Thanks for your suggestion. Unfortunately it did not solve the issue :

submit command: qsub -N init_pre_assembly_processing -l partition=std -l nodes=1:ppn=4 -l mem=10gb -l walltime=3000 /gpfs1/scratch/florentin/EZ/Experiment2/test_gene_catalog/EZ_atlas/.snakemake/tmp.uzzu21do/snakejob.init_pre_assembly_processing.84.sh Traceback (most recent call last): File "/home/florentin/.config/snakemake/cluster/scheduler.py", line 66, in raise Exception("Job can't be submitted\n"+output.decode("utf-8")+error.decode("utf-8")) Exception: Job can't be submitted qsub: Cannot set attribute, read only or insufficient permission Resource_List.partition

Error submitting jobscript (exit code 1):

SilasK commented 4 years ago

Ok, If I understand qsub: Cannot set attribute, read only or insufficient permission Resource_List.partition

you just don't define any partition. Remove the line from the ~/.config/snakemake/cluster/cluster_config.yaml

fconstancias commented 4 years ago

Well I think there is an uncompatible parameter in ~/.config/snakemake/cluster/key_mapping.yaml with my qsub version. In my case, the queue is specified by -q argument. Hence, I have replaced queue: "-l partition={}" with queue: "-q {}" the ~/.config/snakemake/cluster/key_mapping.yaml

Well, it didn't solve everything but I think I am closer than ever :

...
submit command: qsub -N error_correction -q std -l nodes=1:ppn=10 -l mem=60gb -l walltime=30000 /gpfs1/scratch/florentin/EZ/Experiment2/test_gene_catalog/EZ_atlas/.snakemake/tmp.ne1r33ru/snakejob.error_correction.79.sh
Traceback (most recent call last):
  File "/home/florentin/.config/snakemake/cluster/scheduler.py", line 75, in <module>
    jobid= int(res.strip().split()[-1])
ValueError: invalid literal for int() with base 10: '10487.pbs01'

Some error related to the jobid.

and when I manually submit one of the job created by atlas, then it is working.

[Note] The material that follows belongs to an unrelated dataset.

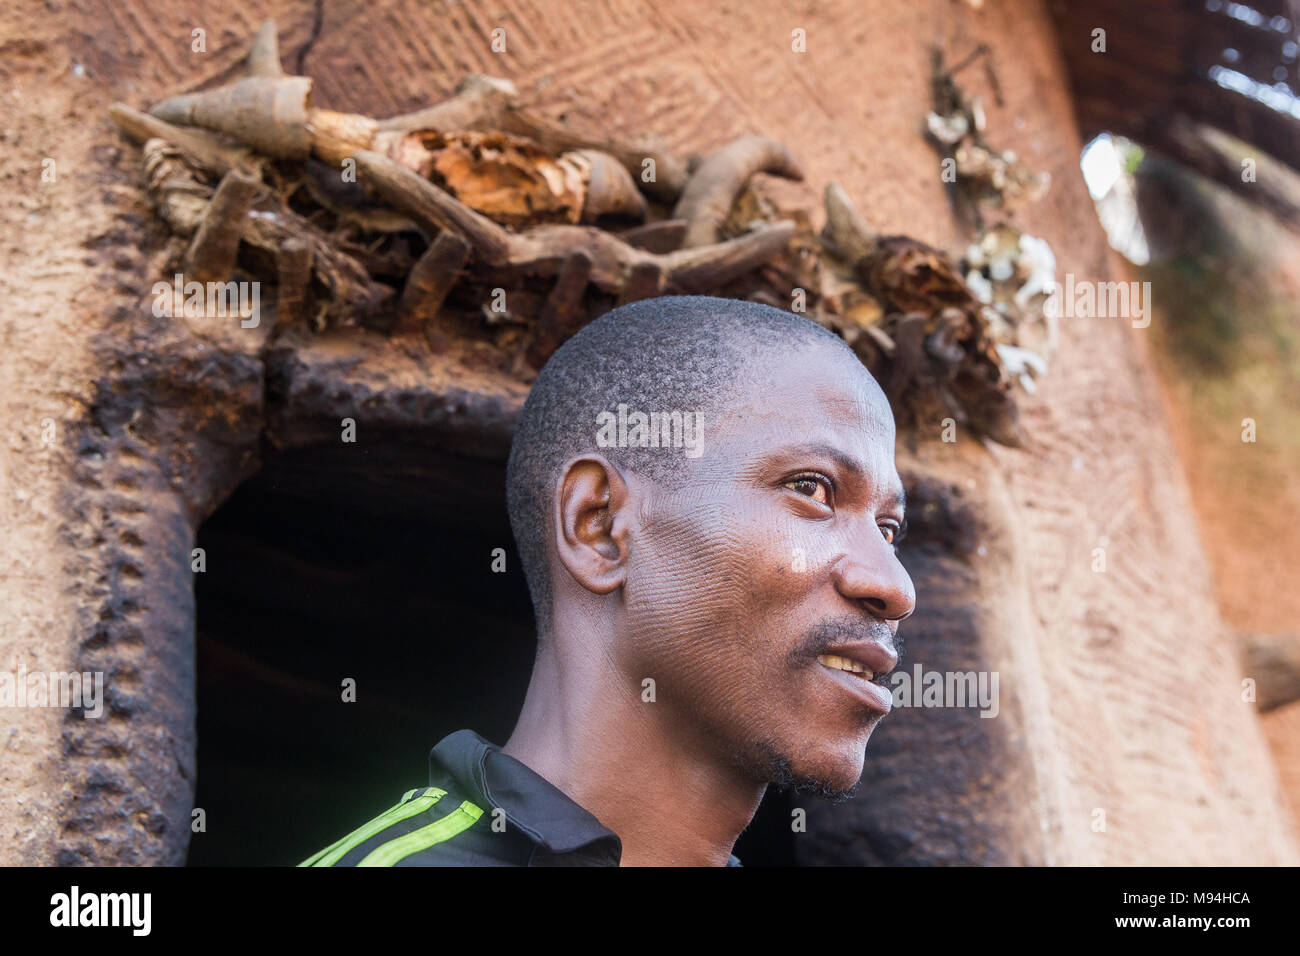 Die Somba Menschen, die von der nordwestlichen und nördlichen Benin, Togo, sind für Ihren Körper Narben Rituale bekannt, ab ca. 2 Jahre. Diese Narben sind eine Form der dauerhaften Kennzeichnung, die eine Person als Zugehörigkeit zu einem bestimmten Stamm identifizieren. Zusätzliche Markierungen sind in der Pubertät, die Ehe, die nach der Geburt eines Kindes und andere Ereignisse im Leben als eine Form der Kommunikation zwischen Menschen sichtbar aufgenommen. Kossokouangou, North Western Benin Stockfoto

qsub -N error_correction -q std -l nodes=1:ppn=10 -l mem=60gb -l walltime=30000 /gpfs1/scratch/florentin/EZ/Experiment2/test_gene_catalog/EZ_atlas/.snakemake/tmp.ne1r33ru/snakejob.error_correction.79.sh
10488.pbs01

Thanks a ton for your help @SilasK

SilasK commented 4 years ago

OK, Seems you have job ids which are not strings but something like 10488.pbs01

If you have a running job, e.g. if you submit a job outside of atlas.

Can you try: qstat -f -x 10488.pbs01

and

qstat -f -x 10488

I also updated the cluster profile. You can remove the cluster folder and try to make a new one. It's the cookiecutter ... instruction.

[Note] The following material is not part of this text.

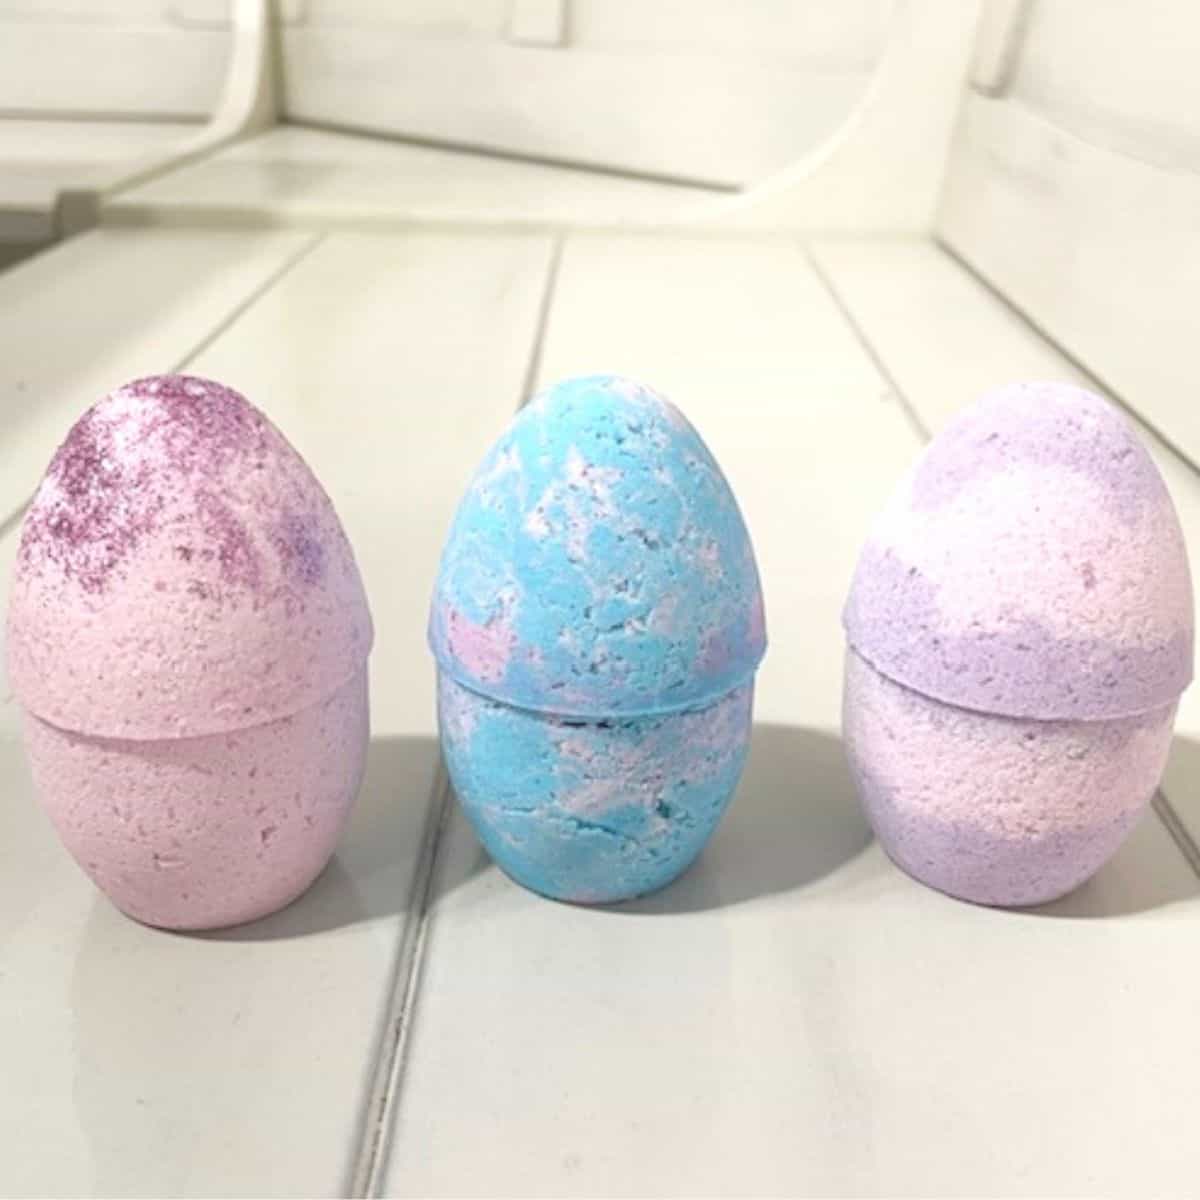 Homemade Easter Egg Bath Bombs for kids

Sofie8 commented 4 years ago

qsub -- version: Version: 6.1.3

@SilasK I have done the changes in key_mapping.yaml, now the manual job runs, but not when I submit the pbs script.

[Tue Jan 14 22:14:20 2020] rule initialize_qc: input: /ddn1/vol1/site_scratch/leuven/314/vsc31426/Valeria/raw/X5A2_R1.fastq.gz, /ddn1/vol1/site_scratch/leuven/314/vsc31426/Valeria/raw/X5A2_R2.fastq.gz output: X5A2/sequence_quality_control/X5A2_raw_R1.fastq.gz, X5A2/sequence_quality_control/X5A2_raw_R2.fastq.gz log: X5A2/logs/QC/init.log jobid: 198 wildcards: sample=X5A2 priority: 80 threads: 4 resources: mem=10, java_mem=8, time=0.5

submit command: qsub -N initialize_qc -A lp_h_microbe -l nodes=1:ppn=4 -l mem=10gb -l walltime=3000 /ddn1/vol1/site_scratch/leuven/314/vsc31426/Valeria/.snakemake/tmp.8olj0aea/snakejob.initialize_qc.198.sh Traceback (most recent call last): File "/ddn1/vol1/site_scratch/leuven/314/vsc31426/newatlas23beta/cluster/scheduler.py", line 66, in raise Exception("Job can't be submitted\n"+output.decode("utf-8")+error.decode("utf-8")) Exception: Job can't be submitted [index issues]

usage: qsub [-a date_time] [-A account_string] [-b secs] [-c [ none | { enabled | periodic | shutdown | depth= | dir= | interval=}... ] [-C directive_prefix] [-d path] [-D path] [-e path] [-h] [-I] [-j oe|eo|n] [-k {oe}] [-K ] [-l resource_list] [-m n|{abe}] [-M user_list] [-N jobname] [-o path] [-p priority] [-P proxy_user [-J <jobid]] [-q queue] [-r y|n] [-S path] [-t number_to_submit] [-T type] [-u user_list] [-w] path [-W additional_attributes] [-v variable_list] [-V ] [-x] [-X] [-z] [script]

Error submitting jobscript (exit code 1):

SilasK commented 4 years ago

now the manual job runs, What do you mean with this exactly?

There is no error message why the qsub script fails?

Assuming the jobscript /ddn1/vol1/site_scratch/leuven/314/vsc31426/Valeria/.snakemake/tmp.8olj0aea/snakejob.initialize_qc.198.sh still exists. Can you to submitt the following variations and see if they work or throw an understandable error message?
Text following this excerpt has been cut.